Esas eran las opiniones de Augusto en materia de gramática. Resulta bastante obvio que nuestro personaje era muy conservador en ese aspecto. Cuando su interlocutor le esgrimía el último argumento válido de quienes defienden el progreso lingüístico, o lo que es lo mismo, la corriente descriptiva de la expresión idiomática, es decir, el hecho de que si el idioma no hubiera cambiado, aún seguiríamos hablando en latín, Augusto respondía que, si bien los cambios son inevitables, estos deben someterse a un periodo de adaptación durante el cual adquieran la legitimidad del uso a ojos del mundo académico, primero, para que los expertos den el visto bueno a dichas innovaciones, y entonces, y solo entonces, podrán ser autorizados para el uso común.
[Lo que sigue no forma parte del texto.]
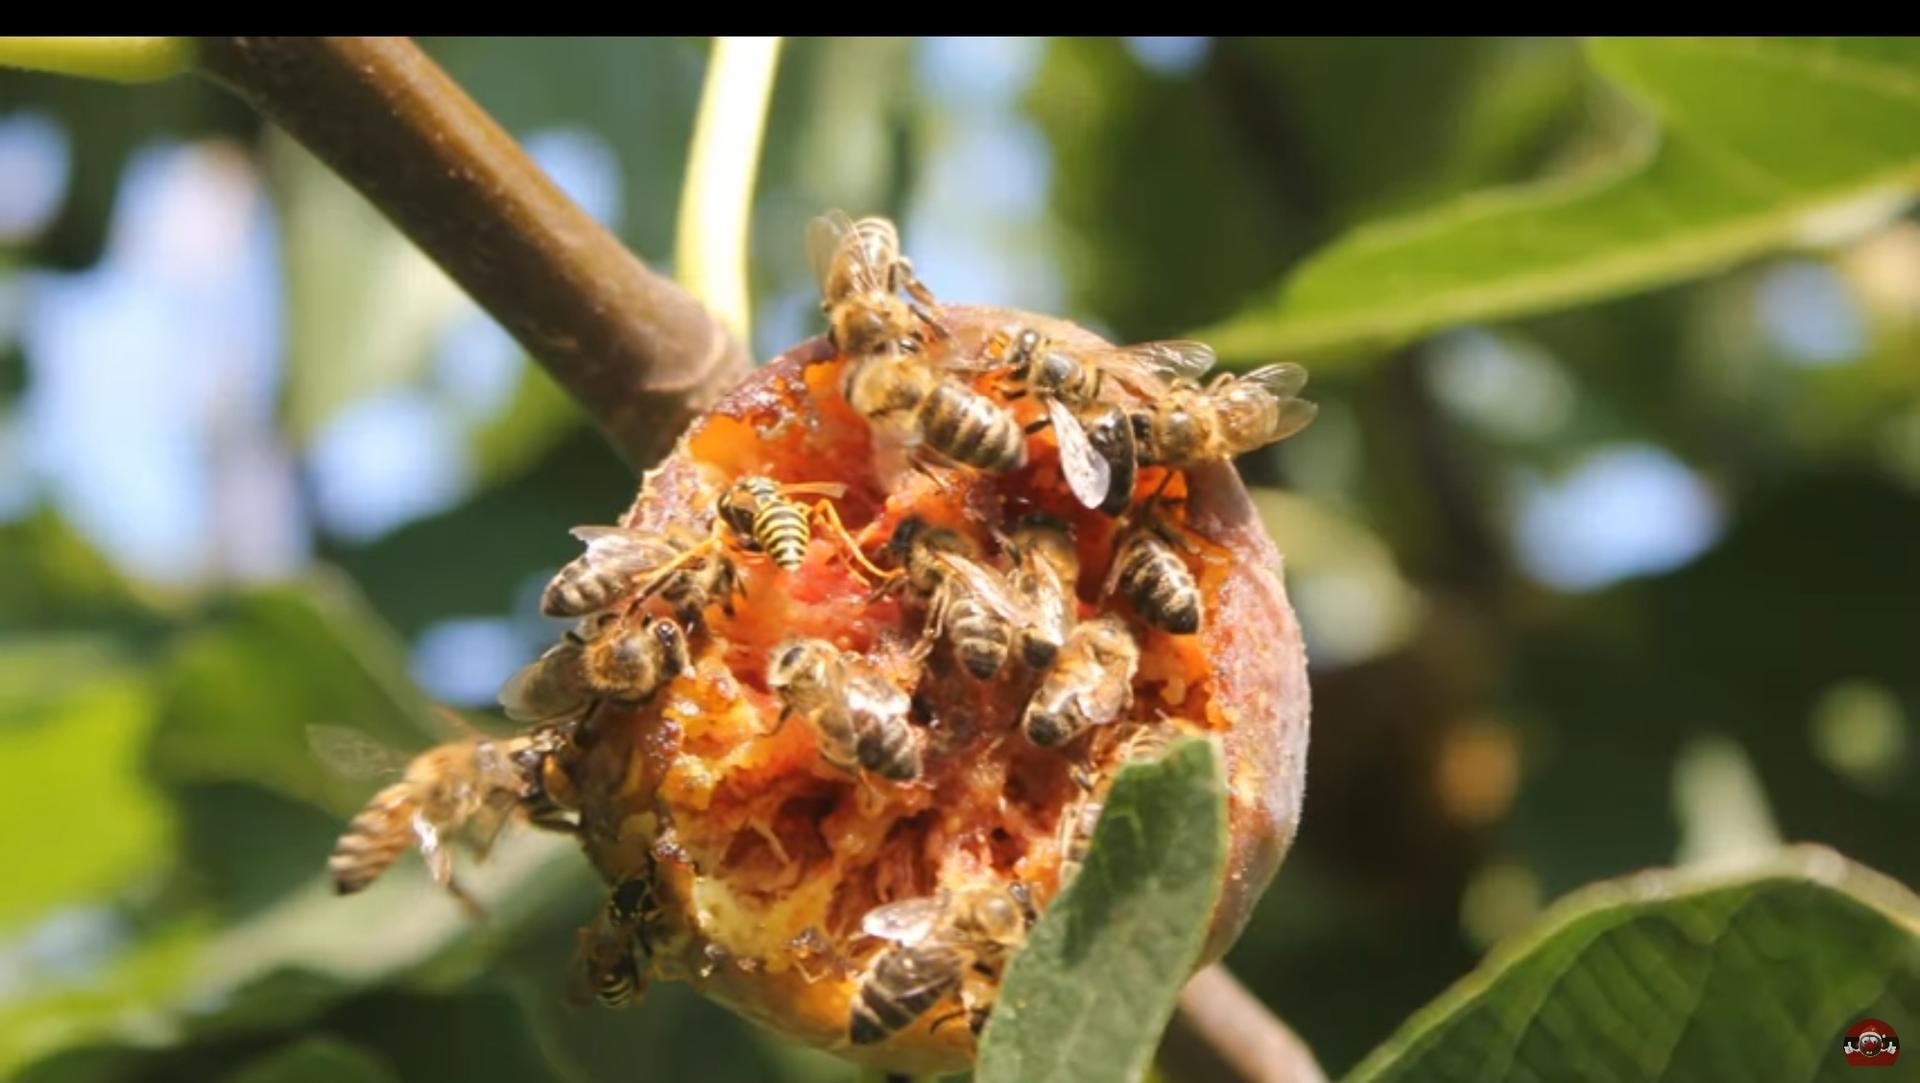 Škodcovia,alebo pomocníci,takto včely a... - Obrázok č. 1

Sin embargo, la cosa había cambiado mucho con las últimas reformas ortográficas de la Real Academia. Ahora estaban permitidos auténticos barbarismos como escribir "cocreta" en lugar de "croqueta", y "asín" en vez de "así" (si, al menos, se hubiera seguido el criterio etimológico en este último caso, y se hubiera admitido el vocablo "asic", al menos los señores miembros de la RAE habría mostrado coherencia e integridad científica en sus procedimientos normativos, puesto que el adverbio de modo "así" procede del adverbio de afirmación latino "SIC").
Además, las tildes diacríticas desaparecían. Ya no hacía falta acentuar los pronombres ("éste") que, en su forma, coinciden con los determinantes ("este"). Ante tal cúmulo de despropósitos perpetrados por la Docta Casa, Augusto dejó de apoyarla y perdió todo el respeto hacia la institución. No por eso dejó de ser lingüísticamente ultraconservador. Precisamente, de ahí su reciente desafección. Y es que, como Augusto decía, pensando en los versos de Blas de Otero, si descuidamos las palabras, ¿qué nos queda?